---------- STORED DATA ----------
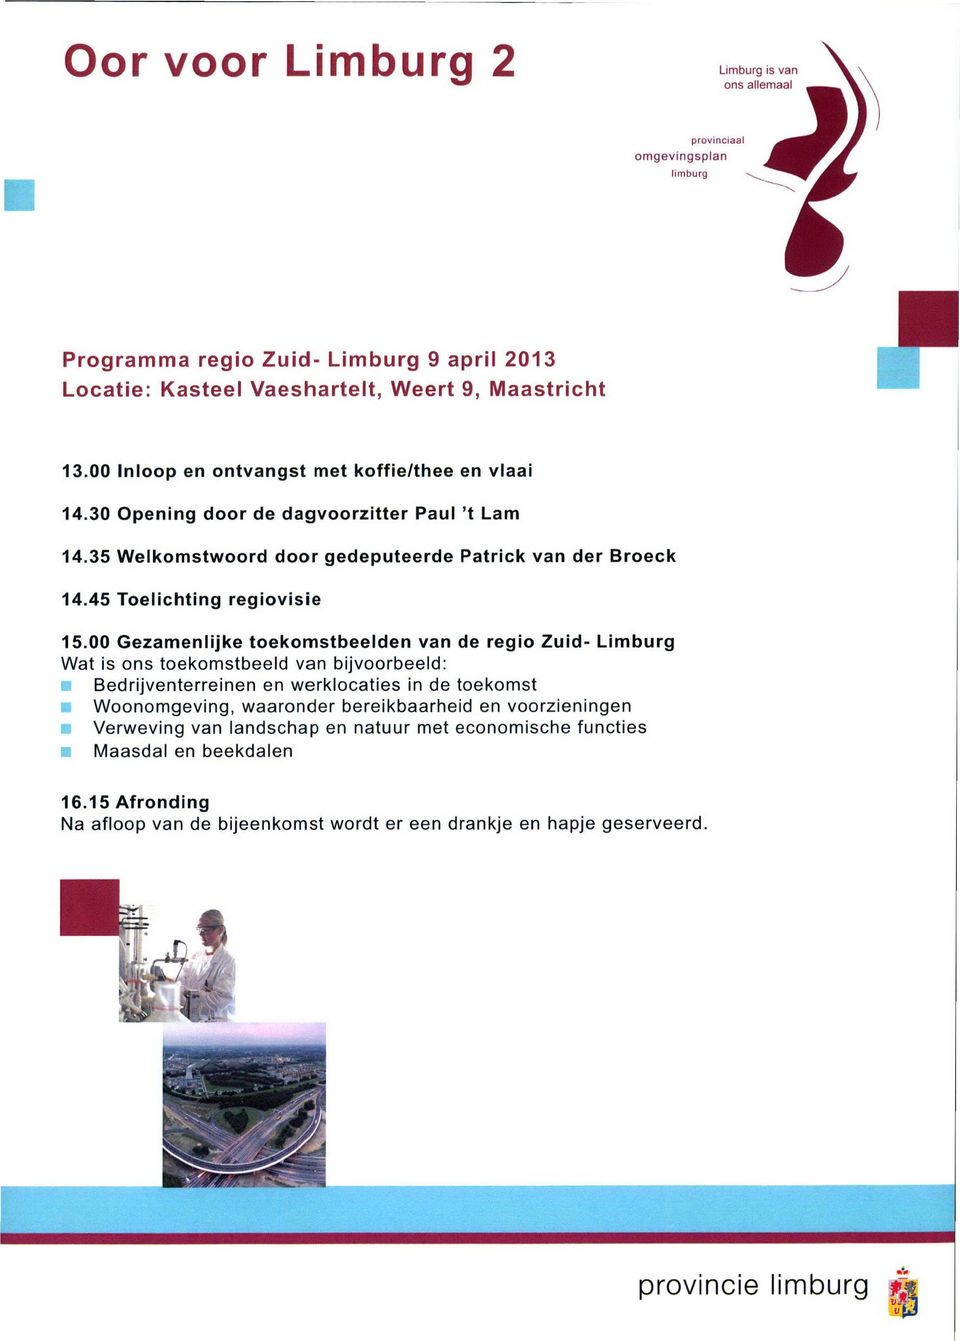 00 Gezamenlijke toekomstbeelden van de regio Zuid- Limburg Wat is ons toekomstbeeld van bijvoorbeeld: Bedrijventerreinen en werklocaties in de toekomst Woonomgeving, waaronder bereikbaarheid
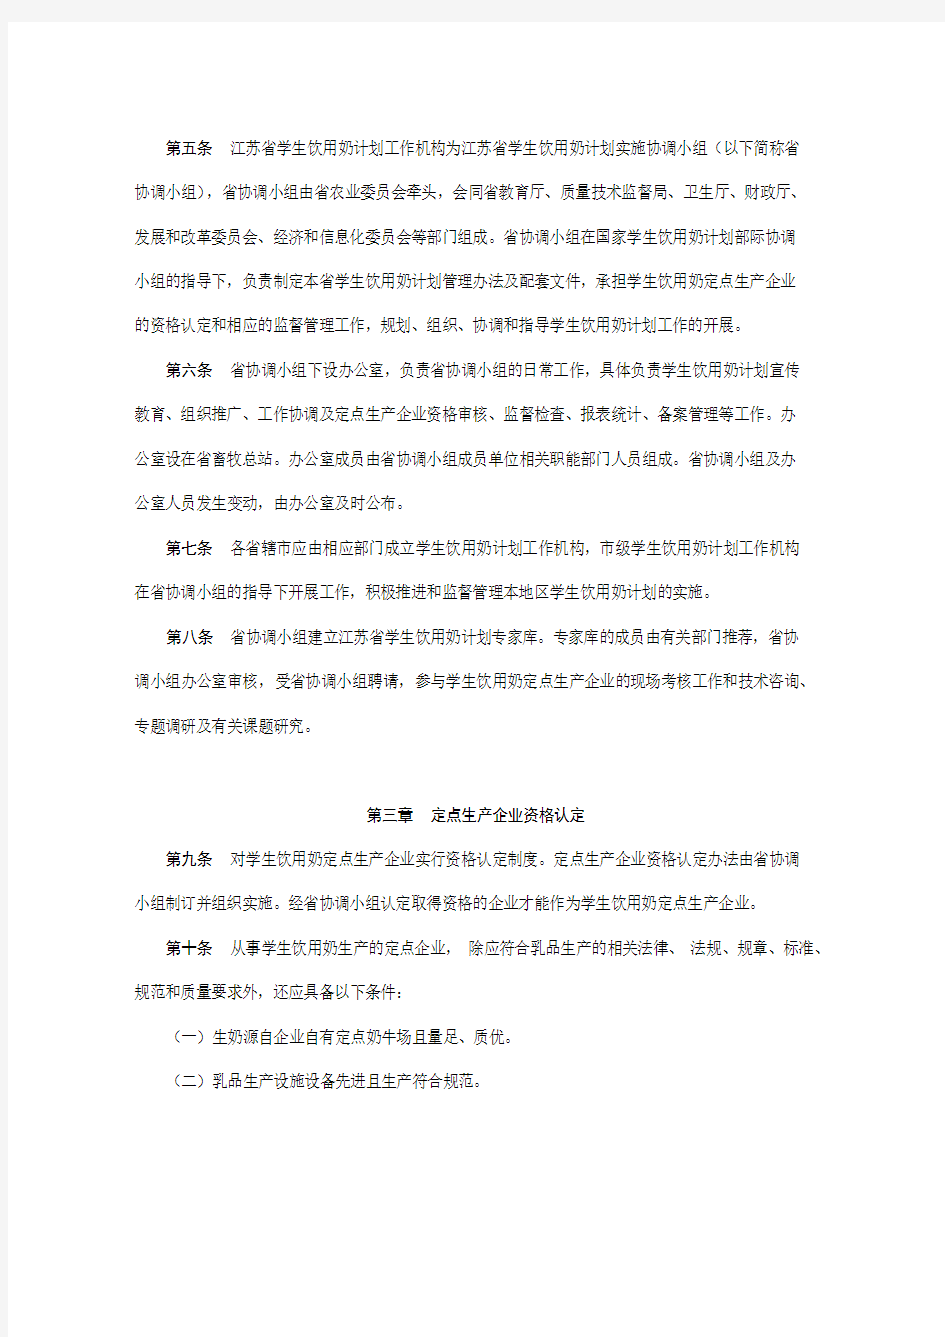 江苏省学生饮用奶计划管理办法苏农规号
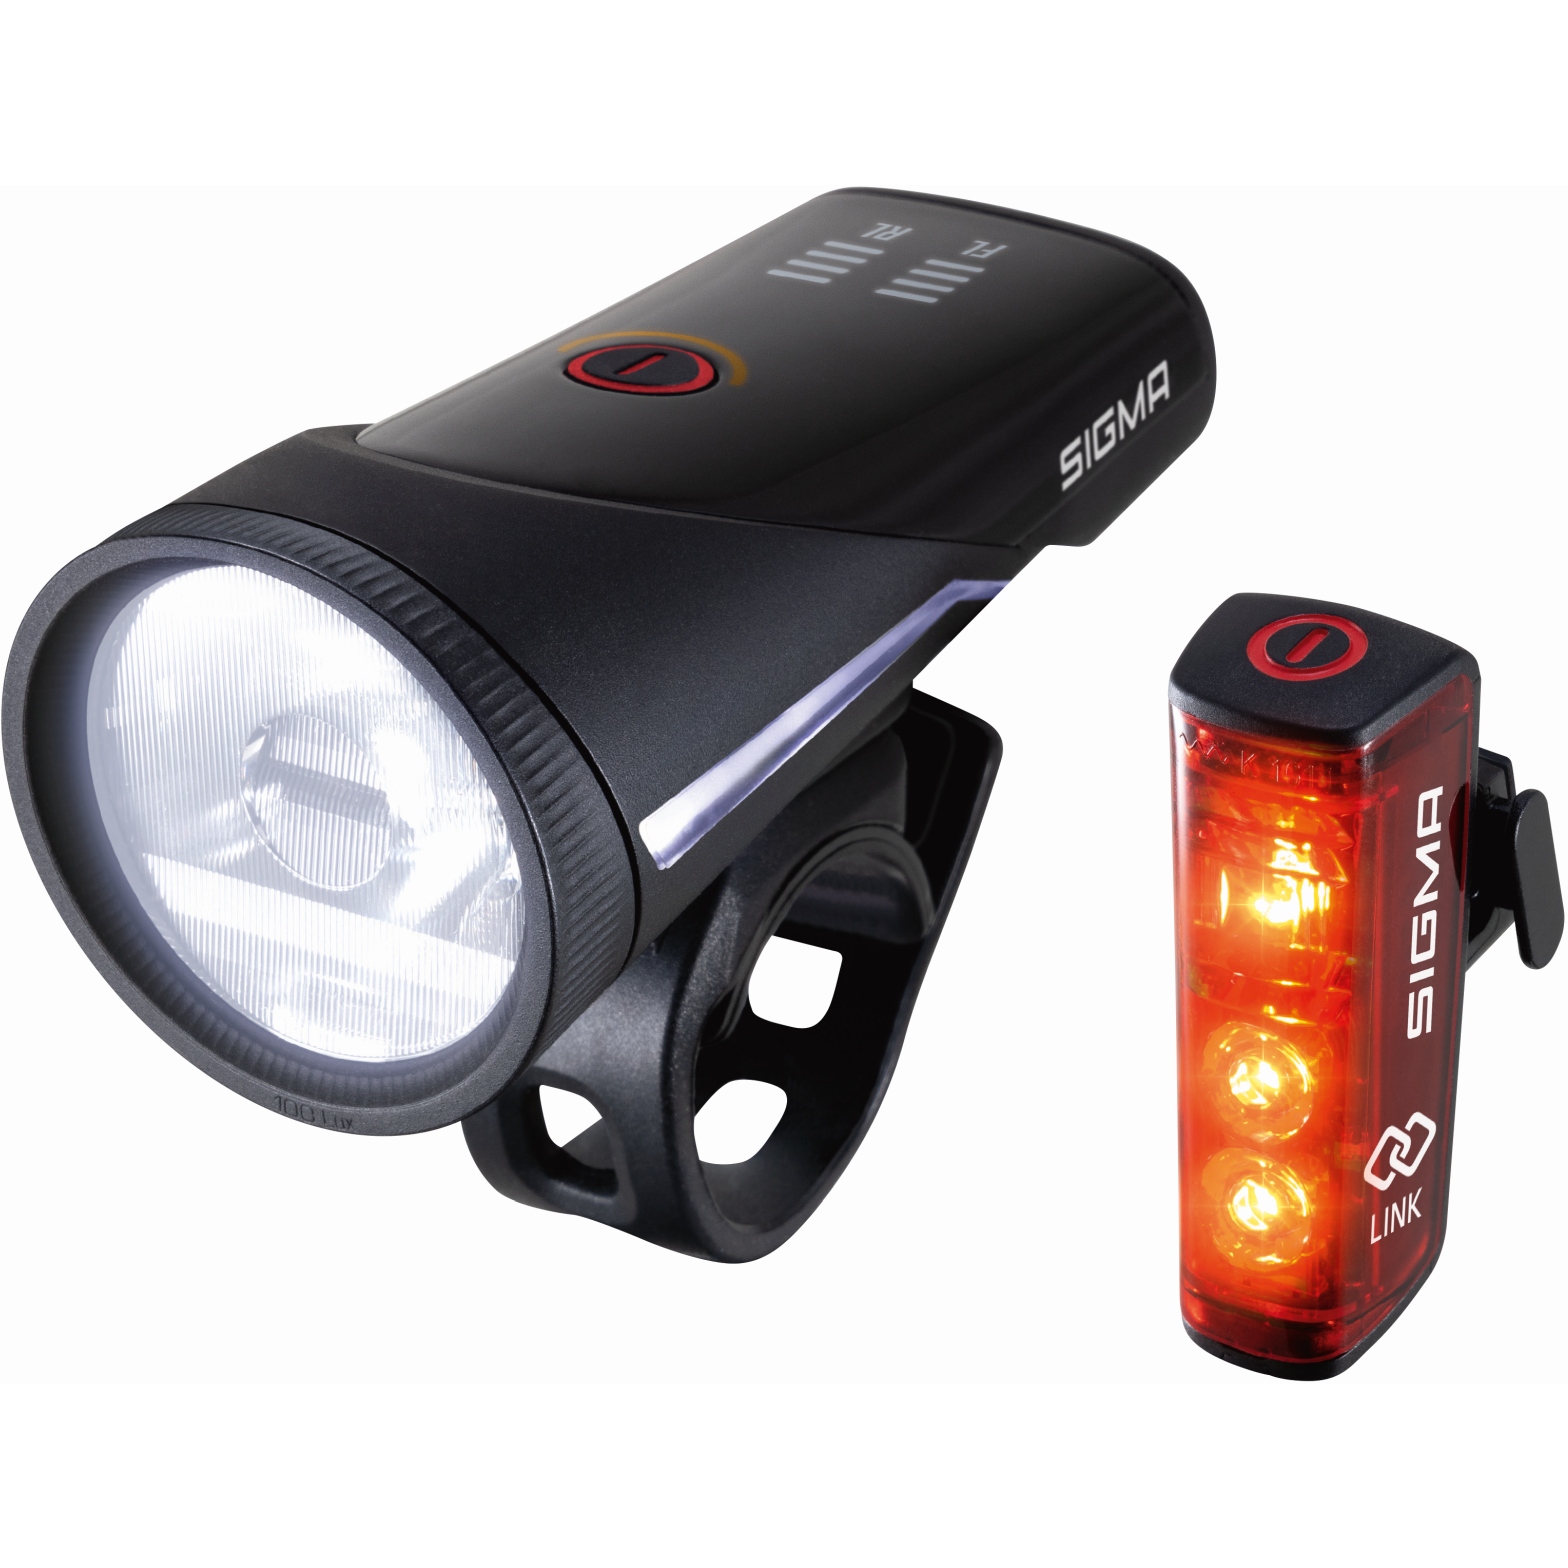 Productfoto van Sigma Sport Aura 100 Set / Blaze Link - Fietslamp Vooraan + Fietslamp Achteraan
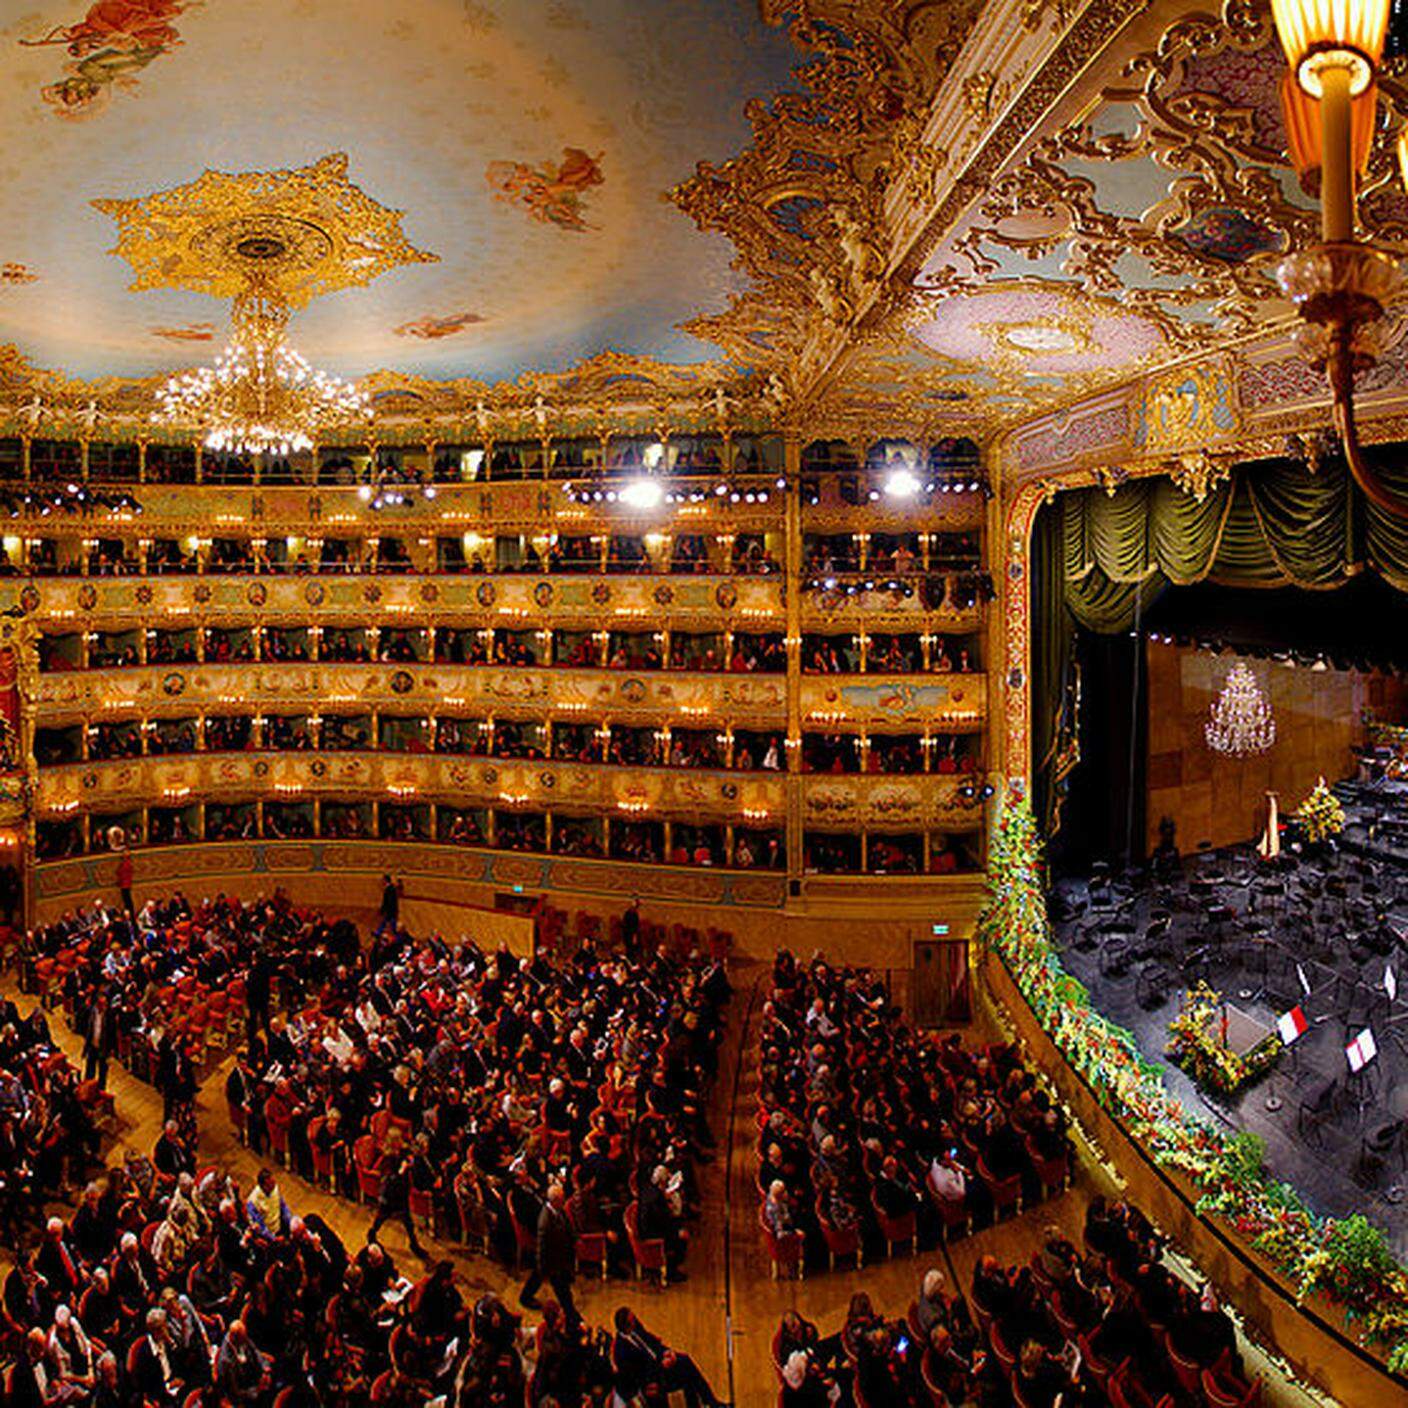 Teatro La Fenice di Venezia, Wikipedia - ©Youflavio
----------
> WORK TO COMPLETE: Set down the material above word for word and skip its pictures.

> TASK OUTPUT:
 00 Gezamenlijke toekomstbeelden van de regio Zuid- Limburg Wat is ons toekomstbeeld van bijvoorbeeld: Bedrijventerreinen en werklocaties in de toekomst Woonomgeving, waaronder bereikbaarheid
 江苏省学生饮用奶计划管理办法苏农规号
 Productfoto van Sigma Sport Aura 100 Set / Blaze Link - Fietslamp Vooraan + Fietslamp Achteraan
 Teatro La Fenice di Venezia, Wikipedia - ©Youflavio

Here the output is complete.